Программа "Прощание с детством" была для меня возвращением молодости, я вновь окунулся в творческую работу, по которой всегда немножко скучал, работая с Аллой. Как встарь, программа
рождалась на моих глазах, я знал в ней каждый нюанс, меня обуревали новые идеи. Я предложил Володе включить в программу старые песни советских лет, ему понравилась эта мысль, и он пел
"На крылечке твоем" и "Взвейтесь кострами". Так что оригинальность идеи Эрнста сделать "Старые песни о главном" всегда вызывала у меня большие сомнения.
Концерты в "Олимпийском" были первой большой победой Преснякова, и мы с надеждой смотрели в будущее.
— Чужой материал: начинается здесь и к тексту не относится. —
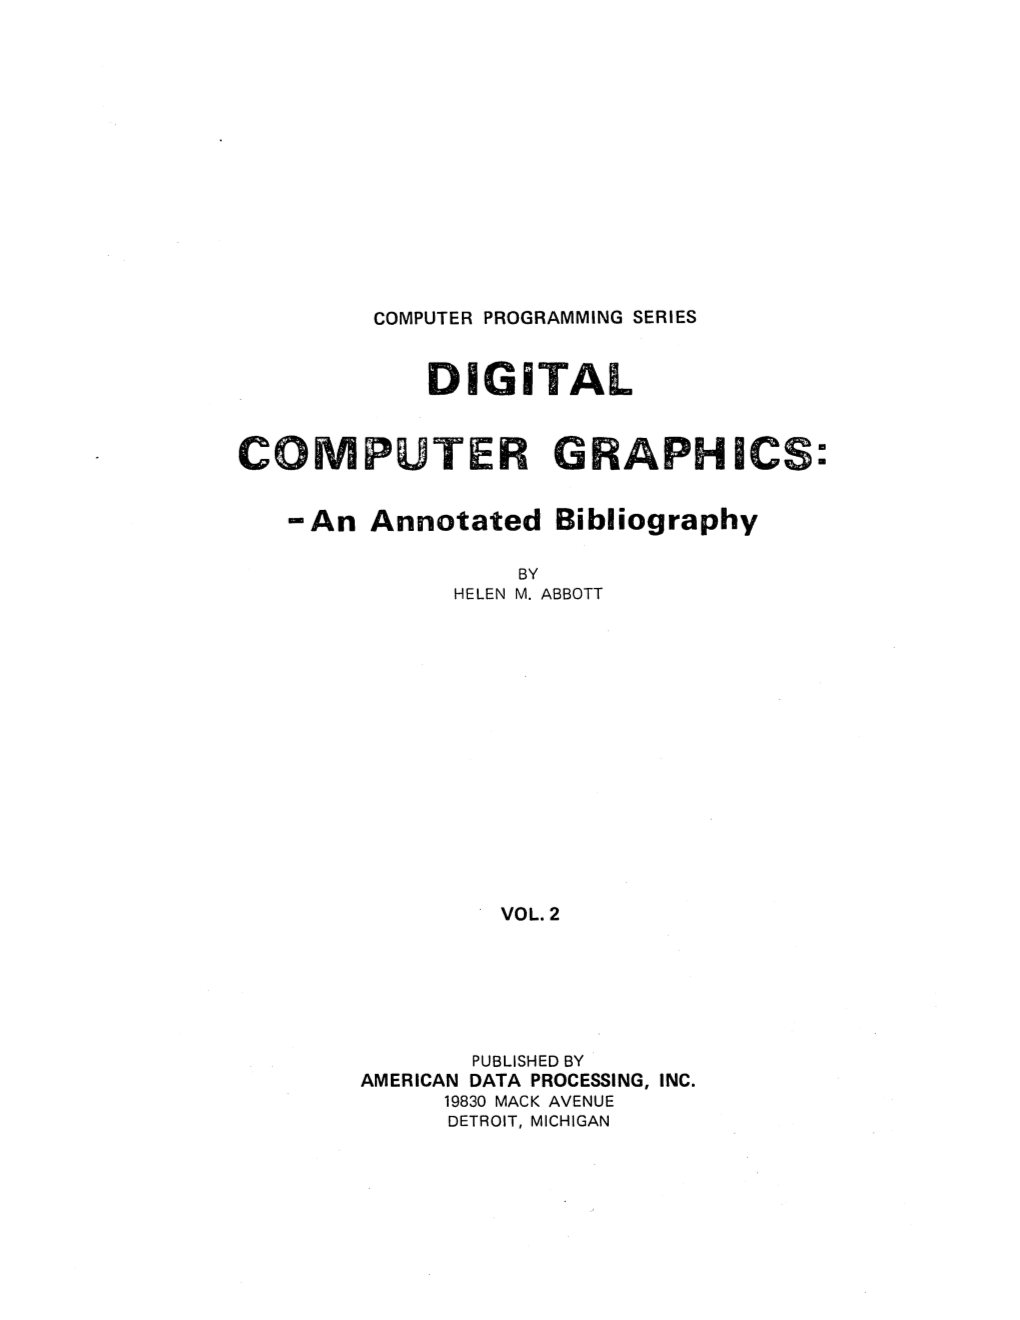 DIGITAL COMPUTER GRAPHICS: - an Annotated Bibliography

Гастрольный график уже был подготовлен, я предвкушал грядущие успехи.
Традиционно после окончания московской серии представлений, актер дает банкет. Поскольку Володя работал от Театра песни Пугачевой, банкет был организован администрацией театра,
здесь же, в банкетном зале "Олимпийского".
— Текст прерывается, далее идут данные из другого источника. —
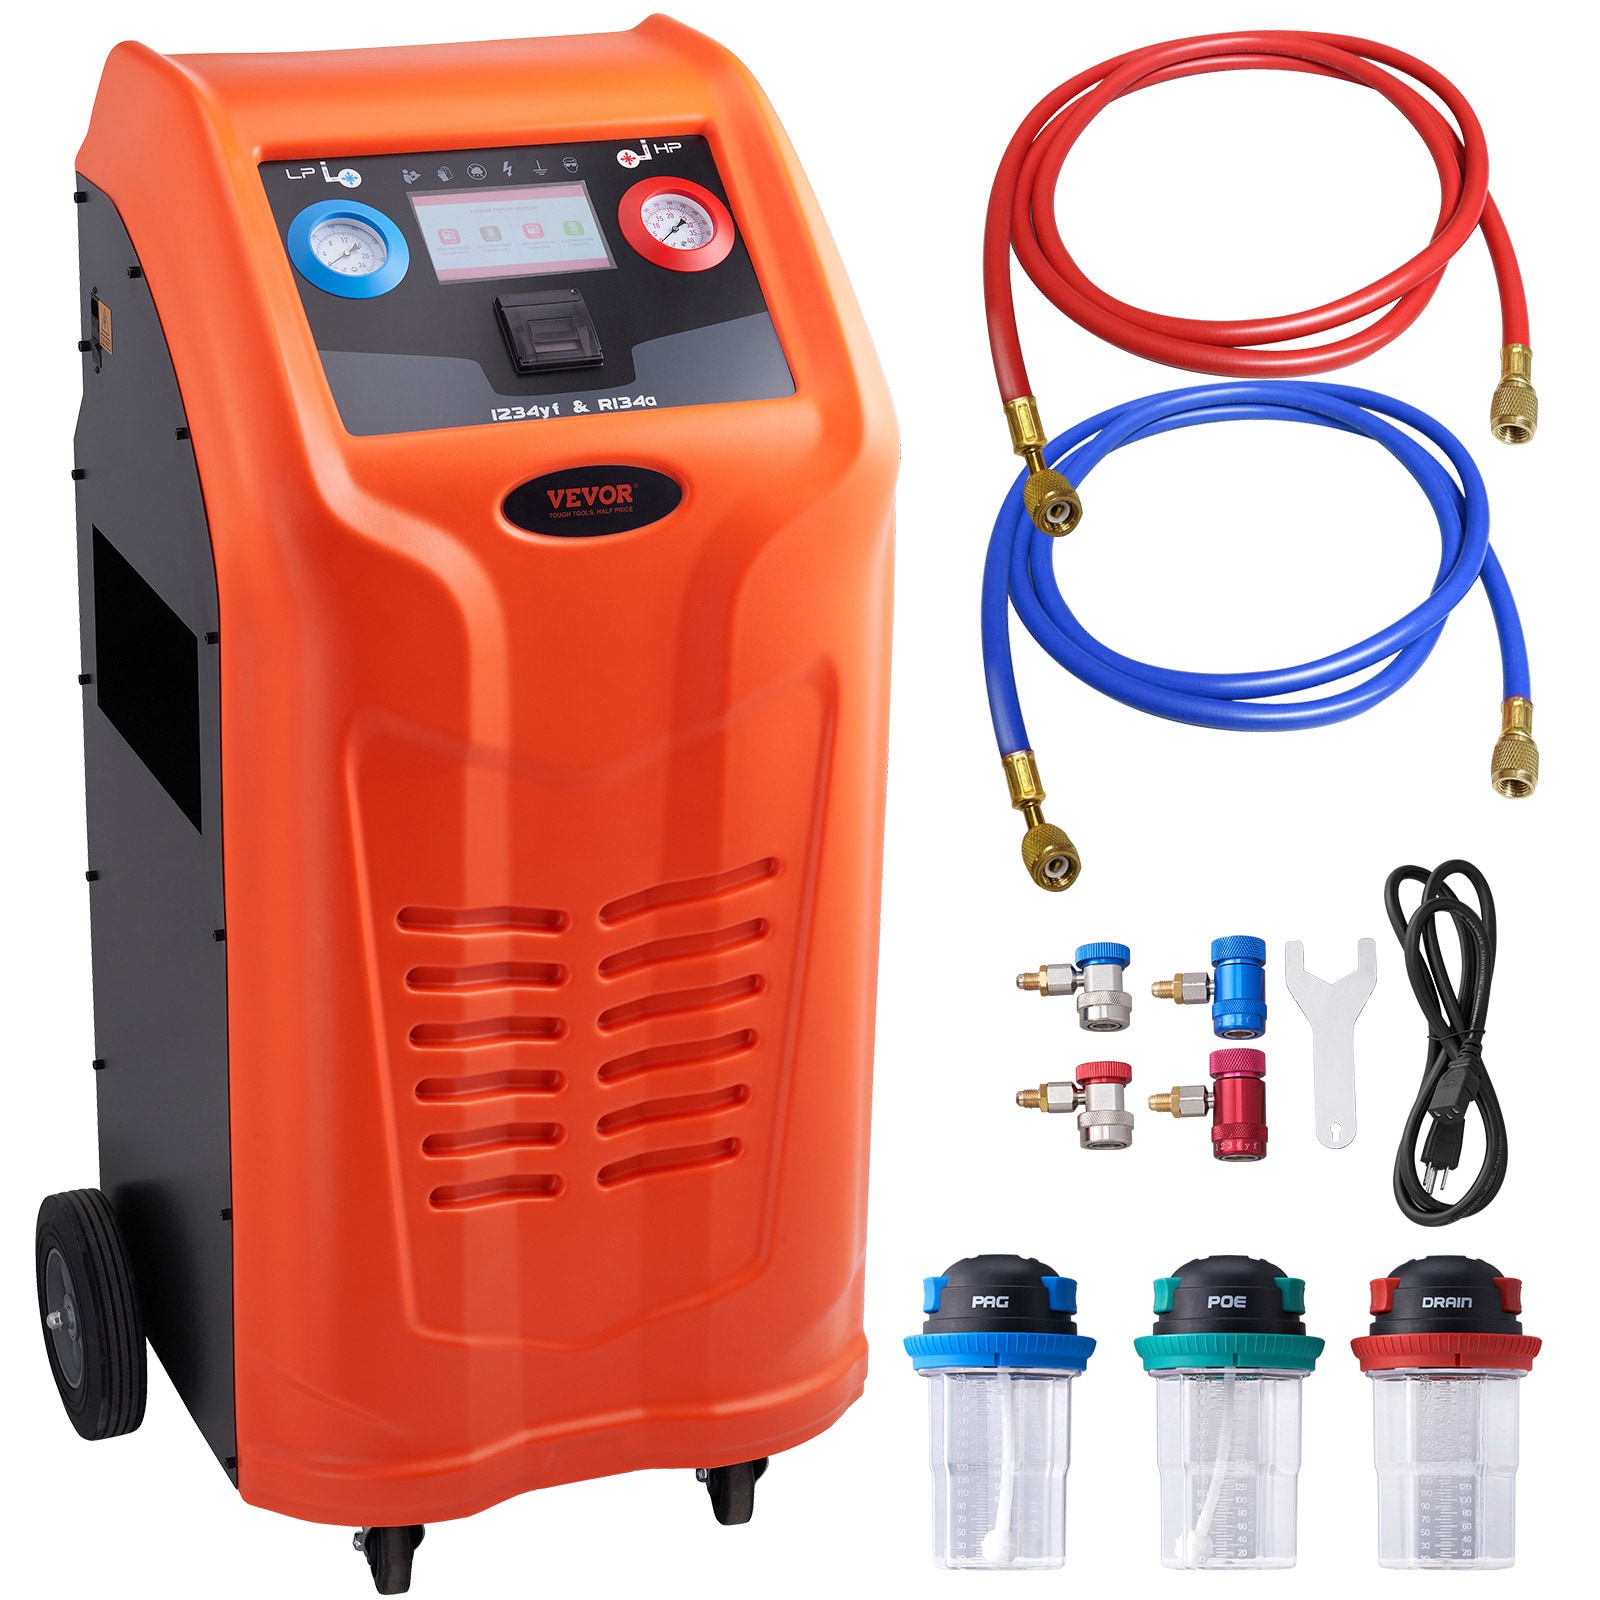 VEVOR Automatic Recovery Machine 1000W 24.4-in W x 51.3-in H

Володя очень хотел узнать мнение о программе у самой Пугачевой, но спрашивать не решался и попросил меня подойти к ней и узнать, нет ли у нее замечаний. Вопреки расхожему мнению,
звезду невозможно создать искусственным образом, сказав, как и что нужно делать. Алле это было известно лучше, чем кому-либо другому. .
- У меня одно замечание: пусть по окончании песни не поворачивается к зрителю задом.
Алла, как никто, умела концентрировать свою энергетику и подчинять ей зрителей. Думаю, что она на собственном опыте знала, как тяжело, ненароком, случайно утратив власть над
вниманием слушателей, восстанавливать ее вновь. Поэтому нельзя прерывать энергетическую связь с залом, рвать тонкую нить взаимопонимания, которая крепнет от песни к песне.
Оформляя какие-то бумаги перед отъездом на гастроли, я столкнулся в офисе театра с начинающим исполнителем, сыном болгарского певца Киркорова. Был солнечный день, в офисе было
жарко, и все, едва придя с улицы, торопились раздеться. Молодой человек в течение получаса рассказывал о своих феерических гастролях по Монголии, откуда, судя по монгольской шапке с
лисьим хвостом и дубленке, он только что вернулся. Я смотрел на него с легкой иронией, столько юношеского бахвальства было в том, что он, жестоко страдая от жары, так и не снял ни
шапки, ни дубленки...
Творческий взлет и успешное начало карьеры совпало у Володи с первой серьезной любовью. Над сценой вилась и дробилась фраза "... и заплачет юная Ассоль", а за кулисами его ждала,
смотрела на него сияющими глазами юная Кристина; ради того, чтобы она никогда не плакала, он, казалось, был готов на любые подвиги.
Я смотрел на этих детей с тайной грустью отлюбившего сердца и не переставал удивляться тому, как волшебно они менялись рядом друг с другом. Мальчишество Володи улетучивапось, и он
становился зрелым рассудительным мужчиной, а в Кристине неугасимо сиял свет женственной, мудрой, способной прощать нежности.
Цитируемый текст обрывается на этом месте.